Ski resort in Alta, Utah, United States

Alta is a ski area in the western United States, located in the town of Alta in the Wasatch Mountains of Utah, in Salt Lake County. With a skiable area of 2614 acre, Alta's base elevation is 8530 ft and rises to 11,068 ft for a vertical gain of 2538 ft. One of the oldest ski resorts in the country, it opened its first lift in early 1939. Alta is known for receiving more snow than most Utah resorts, with an average annual snowfall of 545 in. It is also regularly ranked as having the best snow in North America. Alta is one of three remaining ski resorts in the U.S. that prohibit snowboarders, along with nearby competitor Deer Valley and Vermont's Mad River Glen.

==History==

===Early history===
Alta is one of the oldest ski areas in the U.S. and is one of just three ski areas in the U.S. that prohibit snowboarders. Located at the head of Little Cottonwood Canyon in Albion Basin and Collins Gulch, barely 30 mi from the Great Salt Lake, Alta resides in a unique micro climate characterized by over 547 in of high volume, low moisture snowfall annually.

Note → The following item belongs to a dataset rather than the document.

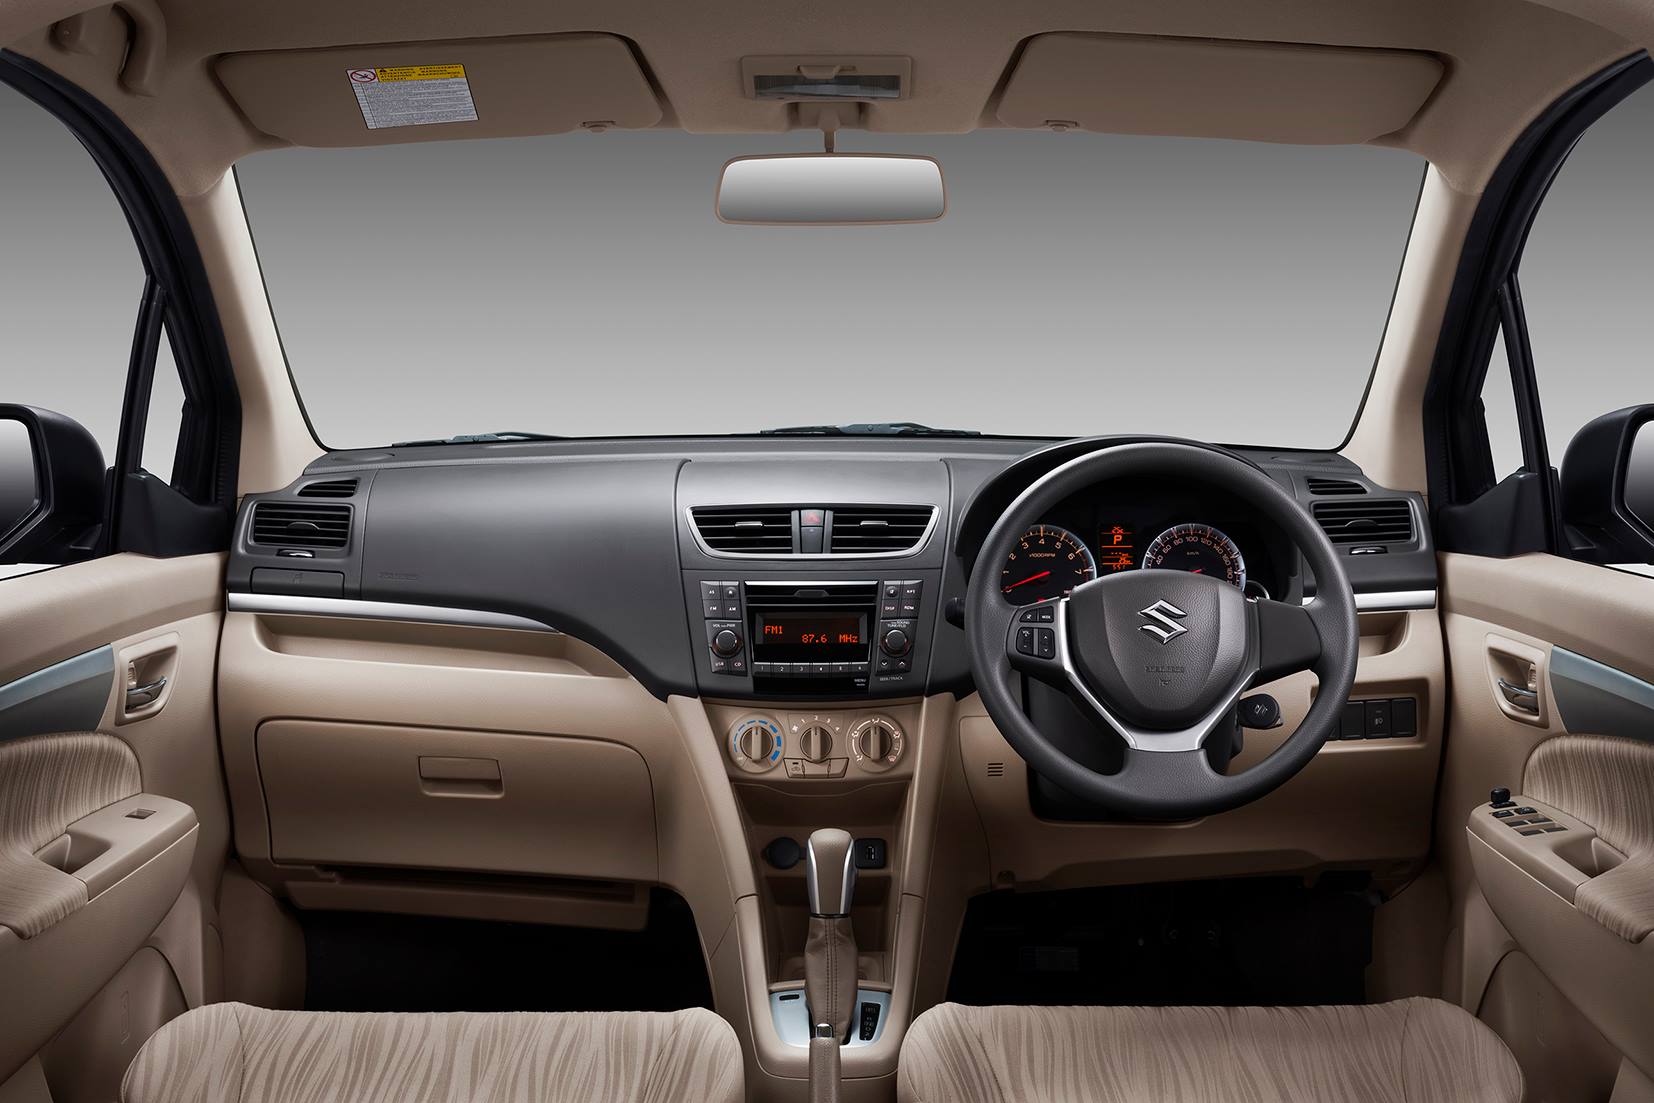 Suzuki Ertiga 2020 Interior Reviews Pictures

Alta Ski Area features long, straight, fall-line pitches. Among the most well known are Alf's High Rustler, Eddie's High Nowhere, Stone Crusher and the Baldy Chutes. Though widely respected as one of the most challenging in-bounds ski areas in the world, Alta has always viewed itself as a local's and family oriented ski area.

The community of Alta was established in 1871 as an offshoot of the silver mining operations in Little Cottonwood Canyon. A fire destroyed most of the town in 1878, then a cataclysmic avalanche in 1885—combined with the decline of mining—heralded a period of dormancy for the town. The area experienced a modest resurgence in mining in the 1900s, but the town declined again shortly thereafter, and was deserted with the exception of a few hardy miners who continued to intermittently prospect the area.

In 1935 the U.S. Forest Service retained the noted skier Alf Engen to hike into the area and determine its potential as a future ski area. Engen's reports expressed great promise for the area, and recommended the purchase of additional surrounding lands to form the ski area. In 1937 a prominent Salt Lake City lawyer, Joe Quinney, along with other local businessmen, formed the Utah Winter Sports Association to oversee the development of skiing at Alta. In the following year construction began on the original Collins chairlift, fashioned from a surplus mining ore tramway system that featured a clamp-cam bullwheel gripping a metal cable strung with single-seat chairs. It was the second such chairlift in the United States, after Sun Valley. Alta opened to skiers for the first time in 1939 on January 15, offering a single ride on the chair for 25 cents.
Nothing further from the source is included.